> _What this task involves_: Would you repeat all the lines below, exactly as they stand?

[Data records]
===

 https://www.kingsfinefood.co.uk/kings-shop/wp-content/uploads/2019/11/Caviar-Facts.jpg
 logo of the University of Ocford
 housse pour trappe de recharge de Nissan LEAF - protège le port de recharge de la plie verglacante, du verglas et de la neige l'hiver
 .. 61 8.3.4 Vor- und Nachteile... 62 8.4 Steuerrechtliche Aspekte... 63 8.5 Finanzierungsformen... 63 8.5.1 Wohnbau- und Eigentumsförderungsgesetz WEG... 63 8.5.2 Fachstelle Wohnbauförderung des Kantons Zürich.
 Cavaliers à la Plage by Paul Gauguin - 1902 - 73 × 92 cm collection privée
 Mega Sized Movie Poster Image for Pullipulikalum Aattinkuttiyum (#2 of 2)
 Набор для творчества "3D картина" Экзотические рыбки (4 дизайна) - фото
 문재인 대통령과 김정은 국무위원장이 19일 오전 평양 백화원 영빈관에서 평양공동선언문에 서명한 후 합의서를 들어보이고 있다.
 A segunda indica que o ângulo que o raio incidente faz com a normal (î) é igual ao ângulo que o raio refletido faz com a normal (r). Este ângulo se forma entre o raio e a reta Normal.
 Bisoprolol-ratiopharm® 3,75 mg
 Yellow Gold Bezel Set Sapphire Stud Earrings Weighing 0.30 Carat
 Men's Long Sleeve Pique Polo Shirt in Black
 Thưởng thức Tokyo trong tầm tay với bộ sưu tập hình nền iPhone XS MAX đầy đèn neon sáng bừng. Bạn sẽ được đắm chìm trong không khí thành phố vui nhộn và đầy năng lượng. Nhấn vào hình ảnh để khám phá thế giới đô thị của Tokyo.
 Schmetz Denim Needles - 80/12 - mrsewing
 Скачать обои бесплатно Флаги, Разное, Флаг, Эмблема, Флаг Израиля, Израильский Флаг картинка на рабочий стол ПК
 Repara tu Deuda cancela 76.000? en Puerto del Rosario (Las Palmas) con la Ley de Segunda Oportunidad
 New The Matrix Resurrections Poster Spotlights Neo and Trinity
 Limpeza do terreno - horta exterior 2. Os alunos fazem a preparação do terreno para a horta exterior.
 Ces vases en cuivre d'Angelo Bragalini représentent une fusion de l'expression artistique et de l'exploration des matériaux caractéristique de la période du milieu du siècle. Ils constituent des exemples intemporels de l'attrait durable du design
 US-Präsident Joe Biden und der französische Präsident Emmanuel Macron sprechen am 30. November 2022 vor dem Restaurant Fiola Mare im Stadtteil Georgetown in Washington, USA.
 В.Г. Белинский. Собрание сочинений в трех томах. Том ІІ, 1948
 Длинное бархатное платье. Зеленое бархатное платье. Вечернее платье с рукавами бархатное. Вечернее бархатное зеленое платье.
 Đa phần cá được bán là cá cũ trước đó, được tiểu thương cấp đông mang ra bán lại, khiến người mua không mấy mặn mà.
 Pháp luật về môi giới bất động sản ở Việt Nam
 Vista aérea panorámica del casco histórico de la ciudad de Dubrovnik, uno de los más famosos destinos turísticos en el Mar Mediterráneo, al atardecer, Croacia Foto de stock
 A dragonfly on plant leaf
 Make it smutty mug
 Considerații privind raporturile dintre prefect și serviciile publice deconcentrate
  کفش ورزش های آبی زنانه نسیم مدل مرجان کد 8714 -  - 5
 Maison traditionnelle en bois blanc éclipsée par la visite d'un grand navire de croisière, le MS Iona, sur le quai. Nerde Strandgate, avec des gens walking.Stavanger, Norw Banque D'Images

===

> _Output_:
 https://www.kingsfinefood.co.uk/kings-shop/wp-content/uploads/2019/11/Caviar-Facts.jpg
 logo of the University of Ocford
 housse pour trappe de recharge de Nissan LEAF - protège le port de recharge de la plie verglacante, du verglas et de la neige l'hiver
 .. 61 8.3.4 Vor- und Nachteile... 62 8.4 Steuerrechtliche Aspekte... 63 8.5 Finanzierungsformen... 63 8.5.1 Wohnbau- und Eigentumsförderungsgesetz WEG... 63 8.5.2 Fachstelle Wohnbauförderung des Kantons Zürich.
 Cavaliers à la Plage by Paul Gauguin - 1902 - 73 × 92 cm collection privée
 Mega Sized Movie Poster Image for Pullipulikalum Aattinkuttiyum (#2 of 2)
 Набор для творчества "3D картина" Экзотические рыбки (4 дизайна) - фото
 문재인 대통령과 김정은 국무위원장이 19일 오전 평양 백화원 영빈관에서 평양공동선언문에 서명한 후 합의서를 들어보이고 있다.
 A segunda indica que o ângulo que o raio incidente faz com a normal (î) é igual ao ângulo que o raio refletido faz com a normal (r). Este ângulo se forma entre o raio e a reta Normal.
 Bisoprolol-ratiopharm® 3,75 mg
 Yellow Gold Bezel Set Sapphire Stud Earrings Weighing 0.30 Carat
 Men's Long Sleeve Pique Polo Shirt in Black
 Thưởng thức Tokyo trong tầm tay với bộ sưu tập hình nền iPhone XS MAX đầy đèn neon sáng bừng. Bạn sẽ được đắm chìm trong không khí thành phố vui nhộn và đầy năng lượng. Nhấn vào hình ảnh để khám phá thế giới đô thị của Tokyo.
 Schmetz Denim Needles - 80/12 - mrsewing
 Скачать обои бесплатно Флаги, Разное, Флаг, Эмблема, Флаг Израиля, Израильский Флаг картинка на рабочий стол ПК
 Repara tu Deuda cancela 76.000? en Puerto del Rosario (Las Palmas) con la Ley de Segunda Oportunidad
 New The Matrix Resurrections Poster Spotlights Neo and Trinity
 Limpeza do terreno - horta exterior 2. Os alunos fazem a preparação do terreno para a horta exterior.
 Ces vases en cuivre d'Angelo Bragalini représentent une fusion de l'expression artistique et de l'exploration des matériaux caractéristique de la période du milieu du siècle. Ils constituent des exemples intemporels de l'attrait durable du design
 US-Präsident Joe Biden und der französische Präsident Emmanuel Macron sprechen am 30. November 2022 vor dem Restaurant Fiola Mare im Stadtteil Georgetown in Washington, USA.
 В.Г. Белинский. Собрание сочинений в трех томах. Том ІІ, 1948
 Длинное бархатное платье. Зеленое бархатное платье. Вечернее платье с рукавами бархатное. Вечернее бархатное зеленое платье.
 Đa phần cá được bán là cá cũ trước đó, được tiểu thương cấp đông mang ra bán lại, khiến người mua không mấy mặn mà.
 Pháp luật về môi giới bất động sản ở Việt Nam
 Vista aérea panorámica del casco histórico de la ciudad de Dubrovnik, uno de los más famosos destinos turísticos en el Mar Mediterráneo, al atardecer, Croacia Foto de stock
 A dragonfly on plant leaf
 Make it smutty mug
 Considerații privind raporturile dintre prefect și serviciile publice deconcentrate
  کفش ورزش های آبی زنانه نسیم مدل مرجان کد 8714 -  - 5
 Maison traditionnelle en bois blanc éclipsée par la visite d'un grand navire de croisière, le MS Iona, sur le quai. Nerde Strandgate, avec des gens walking.Stavanger, Norw Banque D'Images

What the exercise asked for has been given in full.